Em 1994, a Portaria SAS nº 145, de 25 de agosto (Ministério da Saúde, 2004b) cria um subsistema de supervisão, de controle e de avaliação da assistência psiquiátrica em saúde mental, através da constituição de Grupos de Avaliação da Assistência Psiquiátrica (GAP), sendo que a Portaria SAS nº 147 (Ministério da Saúde, 2004b) complementa tais atribuições apresentando como objetivo a exigência da exposição do projeto terapêutico da instituição psiquiátrica. Essa portaria foi responsável pela qualificação do atendimento psiquiátrico realizado pelo SUS, no período de 1994 a 1996. (Ministério da Saúde, 2004b).

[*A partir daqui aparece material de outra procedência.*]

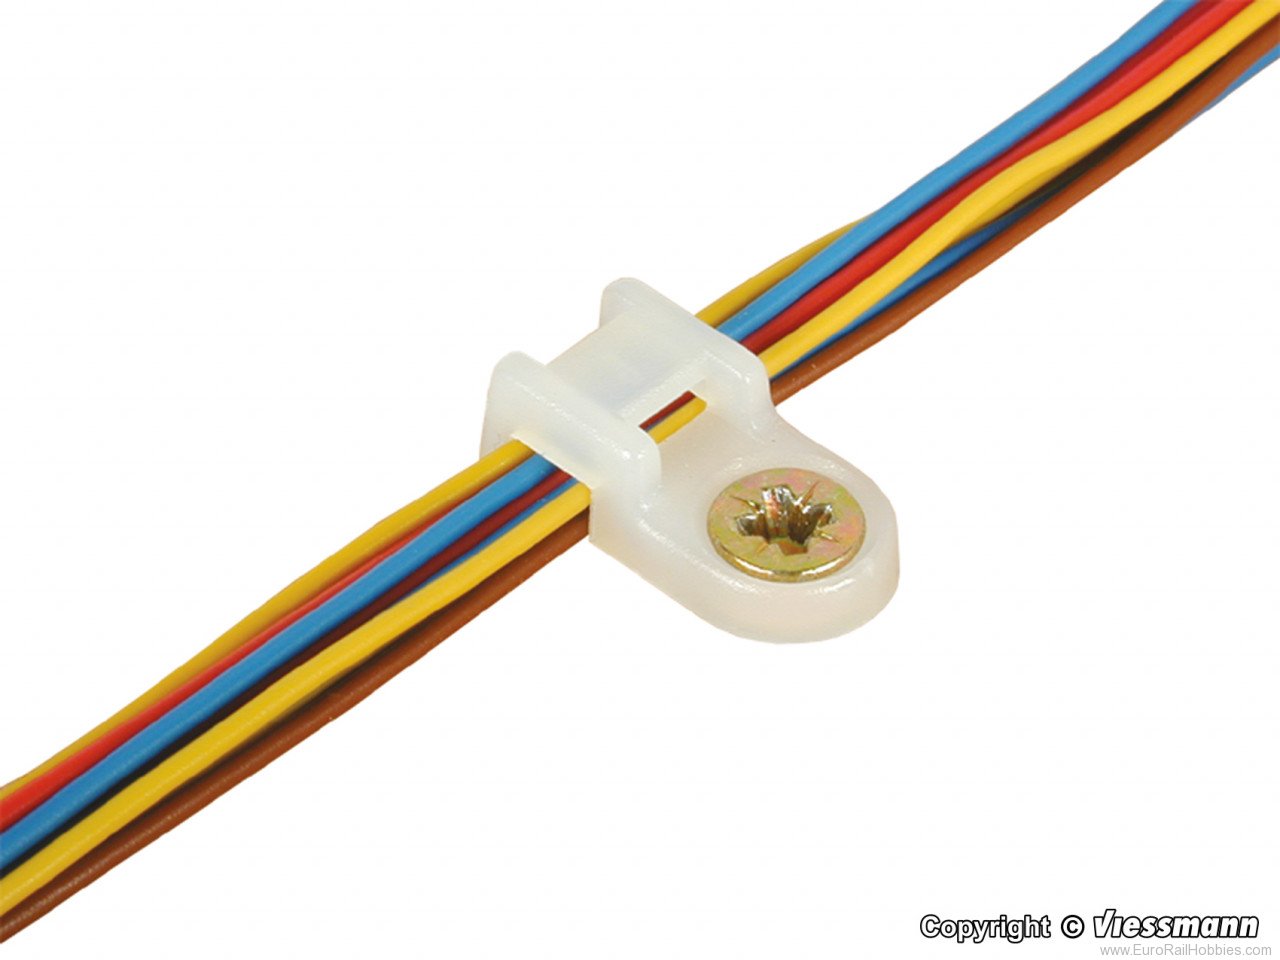 Viessmann 6846 Cable retaining clamp, with screws, 100 piece

Considerando a política nacional de medicamentos, a Portaria GM nº 1.077, de 24 de agosto de 1999(Ministério da Saúde, 2004b) aprova a implantação do Programa para a Aquisição dos Medicamentos Essenciais para a Área de Saúde Mental. Ou seja, somente no ano de 1999 que surgiu uma legislação responsável por regulamentar a assistência farmacêutica na atenção psiquiátrica. A Lei nº 9.867 de 10 de novembro de 1999 (Ministério da Saúde, 2004b) viabilizou a inserção psicossocial das pessoas em desvantagens no mercado econômico (incluindo aí os pacientes psiquiátricos) por meio da criação de Cooperativas Sociais. É a lei precursora que visa a reabilitação psicossocial e a integração social da pessoa acometida de algum sofrimento psíquico. Com a Resolução nº 298, de 2 de dezembro 1999(Ministério da Saúde, 2004b) temos a constituição da Comissão de Saúde Mental, com objetivo de assessorar o plenário do Conselho Nacional de Saúde na formulação de políticas na área de saúde mental.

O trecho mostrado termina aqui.